The story of how Jelinek came across these personal home recordings is no less intricate. Jelinek first heard about the recordings from Ursula Bogner's son, Sebastian, who happened to be sitting next to him on a flight. From there, the two began corresponding and eventually the son sent Jelinek his mother's tapes. The large collection of recordings Jelinek received betrayed a dabbler who spent over twenty years experimenting with different styles and possibilities, from exercises in oscillation and modulation, to the layering of rhythmic patterns, to simple electronic pop melodies.
Recordings 1968 – 1988 collects 16 of these early electronic collages, many of which clock under two minutes, and presents them as a crate-digging, proto-techno discovery along the lines of BBC Radiophonic Workshop alumni such as Daphne Oram and Delia Derbyshire. Raymond Scott comes to mind as well. Bogner's work exhibits that same kind of curiosity with what those machines could do: it's simple and short and imperfect.
But, most of all, it is convincingly private music. Whether it's for real or "merely" Jelinek, the charm of someone just trying this stuff out, with little precedence and no real ambition to make it known, is what makes it sound sincere. Bogner is carefully placed in a musical trajectory that is still being excavated through a steady stream of reissues, but she's not positioned as a pioneer, an innovator or even a significant participant—she's just one of the first bedroom producers testing out this music on her own.

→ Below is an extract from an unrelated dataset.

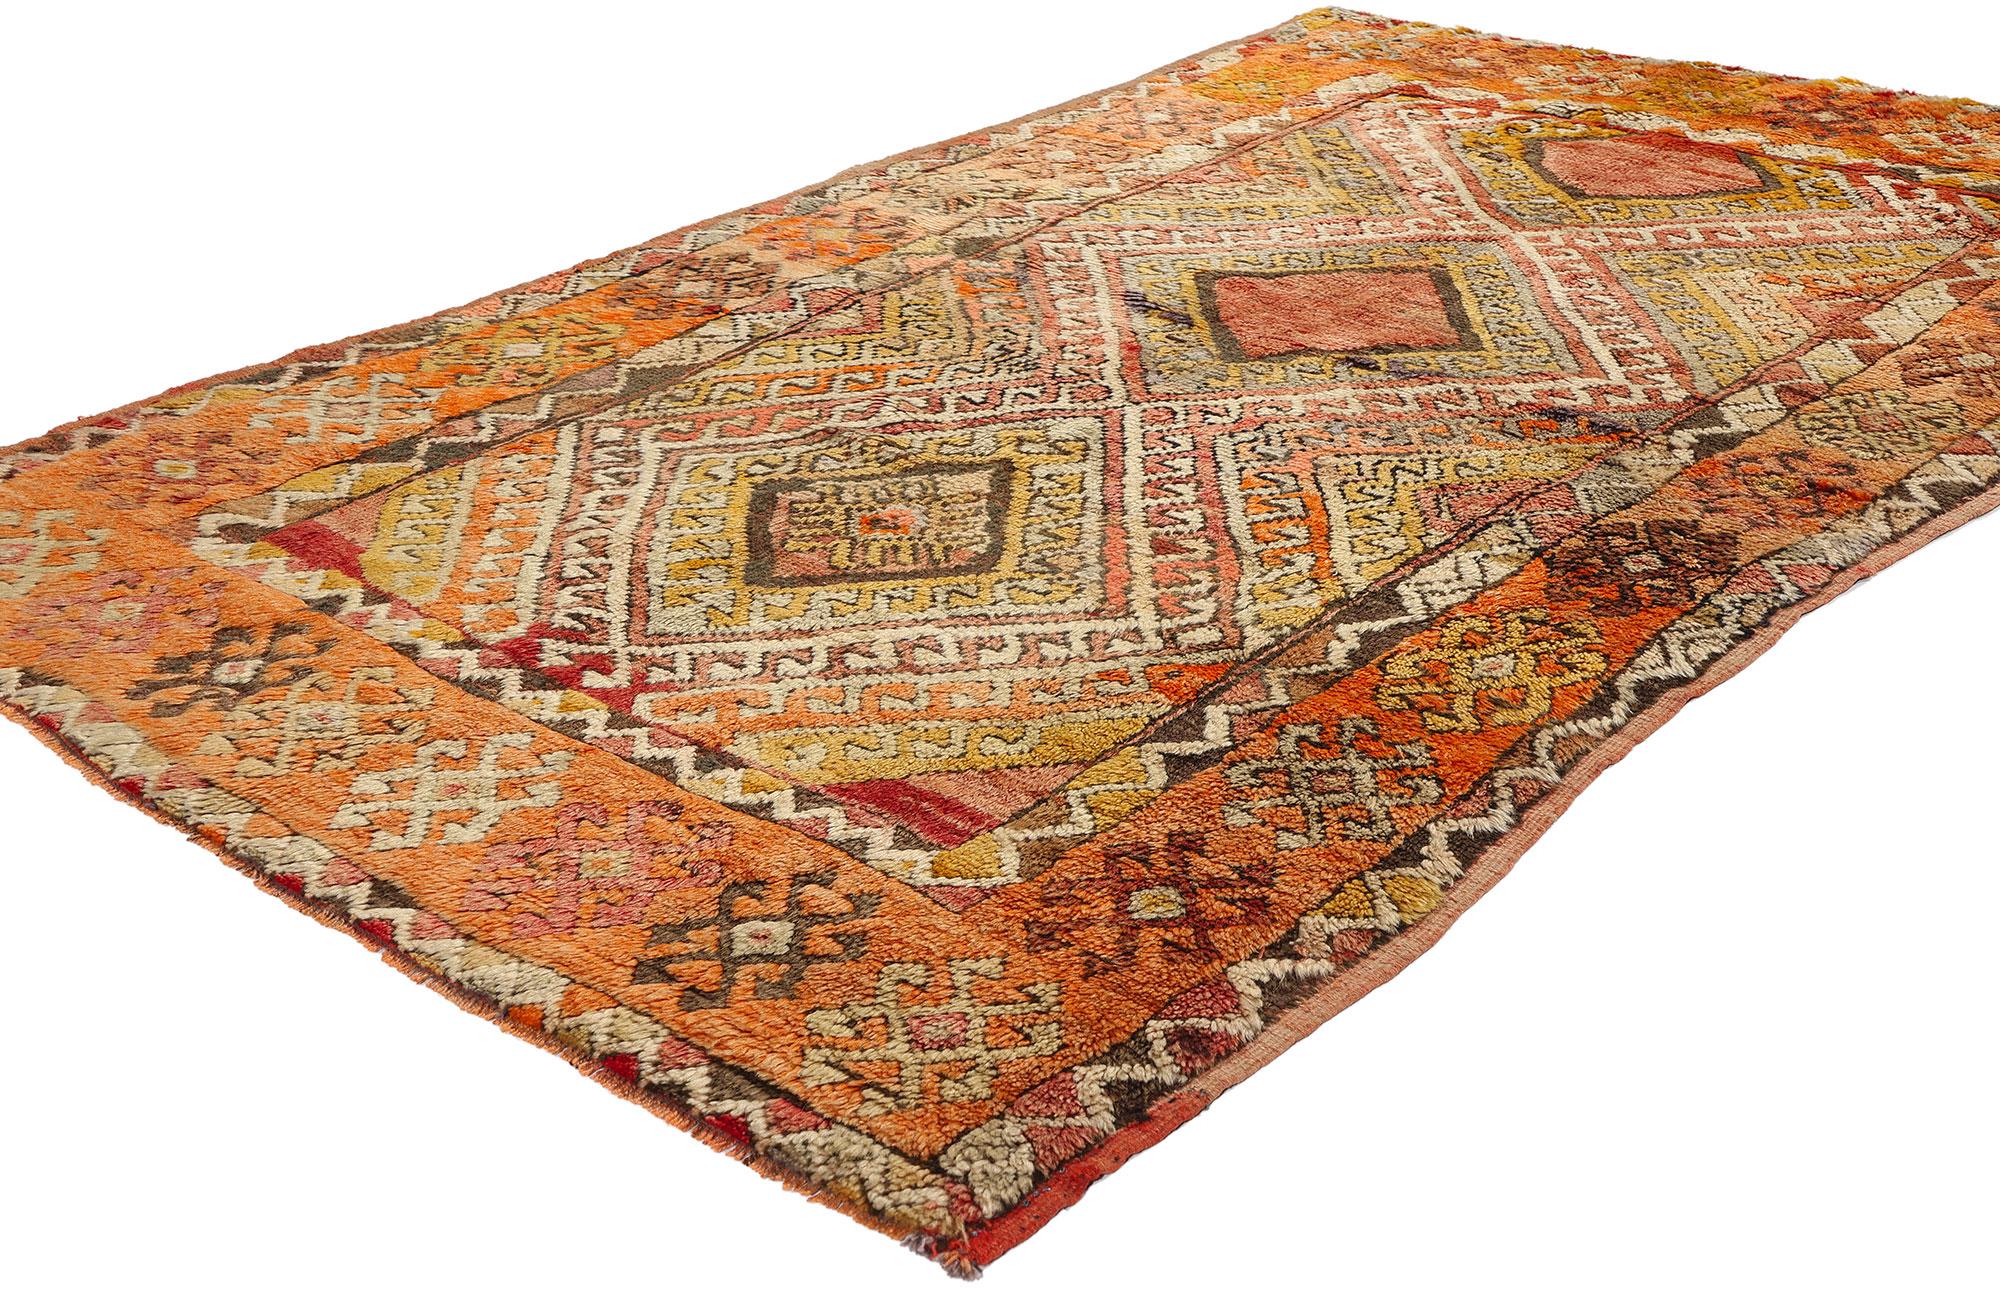 52300 Vintage Turkish Oushak Rug, 04'01 x 07'00. Turkish tribal Oushak rugs with latch hook lozenge medallions originate from the historic rug-making center of Oushak in western Turkey and are renowned for their distinctive designs and vibrant

Her early recordings are more concerned with the sound theories coming from Herbert Eimert's Studio, but gradually Bogner's work takes on a more pronounced rhythmic underbelly that ultimately pushes it closer to Dr. Who territory. It all sounds appropriately vintage, with old synthesizers looping out according to mathematical patterns that weave together basic melodies and cold, eerie soundscapes eking and echoing out evocations of outer space.
Of course, there is the distinct possibility that Recordings 1969 – 1988 may just be an extension of Jelinek's compulsion to create the perfect concept album. Ever since 2005's Kosmischer Pitch, Jelinek has looked increasingly backwards to the early roots of electronic music for inspiration. And it's a direction that suits him, as he has turned out some of the most compelling music of his career from these flashbacks. He knows how to get under the skin of an era.
Any way you look at it, Recordings 1969 – 1988 is pleasantly nostalgic. As a bona fide discovery, Ursula Bogner is a throwback curiosity to the innocence and discovery of electronic music's early days. And as an elaborate disguise, these recordings, packaging and back story are all the more impressive for the lengths that Jelinek has taken for the sake of emulating authenticity.
Tracklist 01. Begleitung für Tuba (1982)
02. Inversion (1978)
03. Proto (1980)
04. Metazoon (1979)
05. Momentaufnahme (1977)
06. 2 Ton (1984)
07. Speichen (1979)
08. Modes (1985)
09. Atmosphäre 1 (1977)
10. Punkte (1984)
11. Expansion (1979)
12. Für Ulrich (1980)
13. Pulsation (1969)
14. Testlauf (1975)
15. Soloresonanzen (1988)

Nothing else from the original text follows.